宿屋の中に入るとボリスはエドから大工道具を貰い受け、暖炉を作る予定の西側の窓の元に行ってしまった。エドは燻製肉を持っていたのでアリシャに続いて料理部屋までついて来た。
「ここに置いて」
アリシャの指定したテーブルに燻製肉を置くと、エドはさっさと体を翻した。そんなエドの服をアリシャは思わず掴んでいた。エドは引っ張られて不機嫌に振り返る。
「なんだよ」
「うん……あのさ……肉を運んでくれてありがと」
エドの口の端は下がり、明らかにそんな事で足止めをされたのかと言わんばかりだった。アリシャだってそんなことを言いたかったわけじゃない。
「そんな顔しないでよ」
「どんな顔だよ。生まれてこの方、この顔以外したことないけど?」
それは嘘だ。ココに向ける笑顔とか、時々見せてくれる優しい顔とか、今とはまるで違う顔なのだ。
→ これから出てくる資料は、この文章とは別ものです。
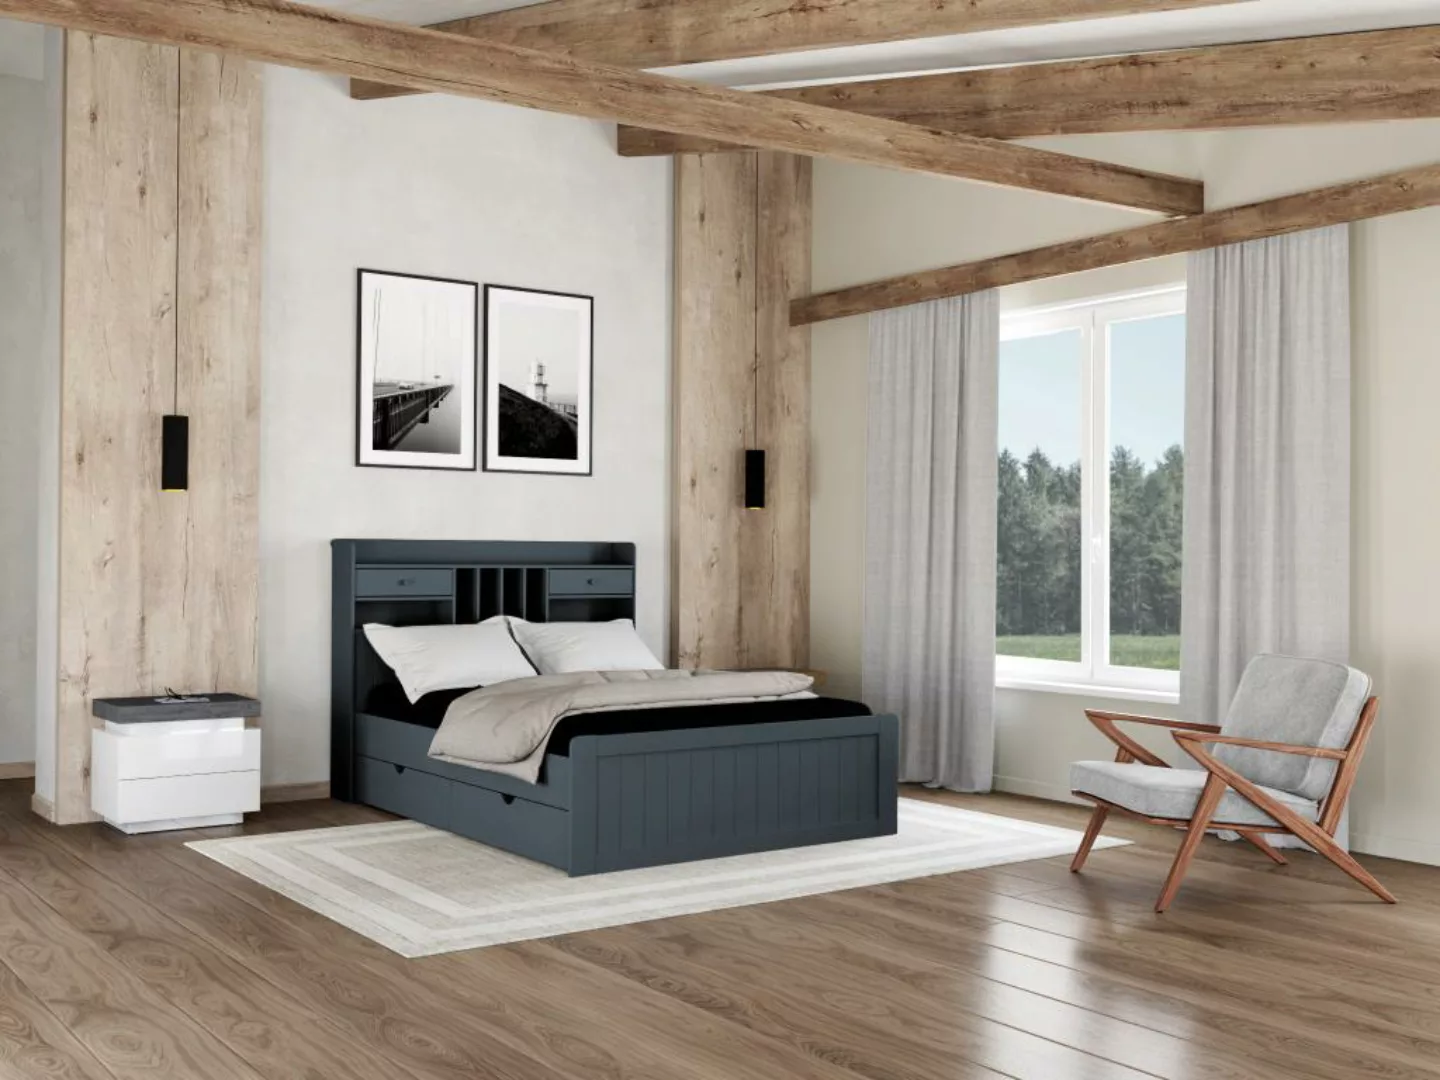 Bett mit Stauraum & Schubladen + Lattenrost - 140 x 190 cm - Kiefer - Grau günstig online kaufen

「色々、誤解をされてるみたいだから……ちょっと話したかったの! そんなに怒らないでよ」
「誤解? ああ、アリシャが年上の男に弱いとか?」
「ほら! 誤解してるじゃない」
「誤解じゃねぇだろ。事実、事実。ほら、離せって」
離すもんかとシャツをさらに強く握りしめた。
「離さない! 私は、私は……エドの方が……」
そこでハッとして顔を上げると、エドのガラスのような美しい茶色の目が自分を見ていることに狼狽えた。いや違う。狼狽えたのは自分の口から勢いで出ていきそうになった言葉だ。
「あの……ええっと……」
アリシャは自分の顔が熱くなっていくのを感じて、今すぐ布団の中に顔を突っ込んでしまいたかった。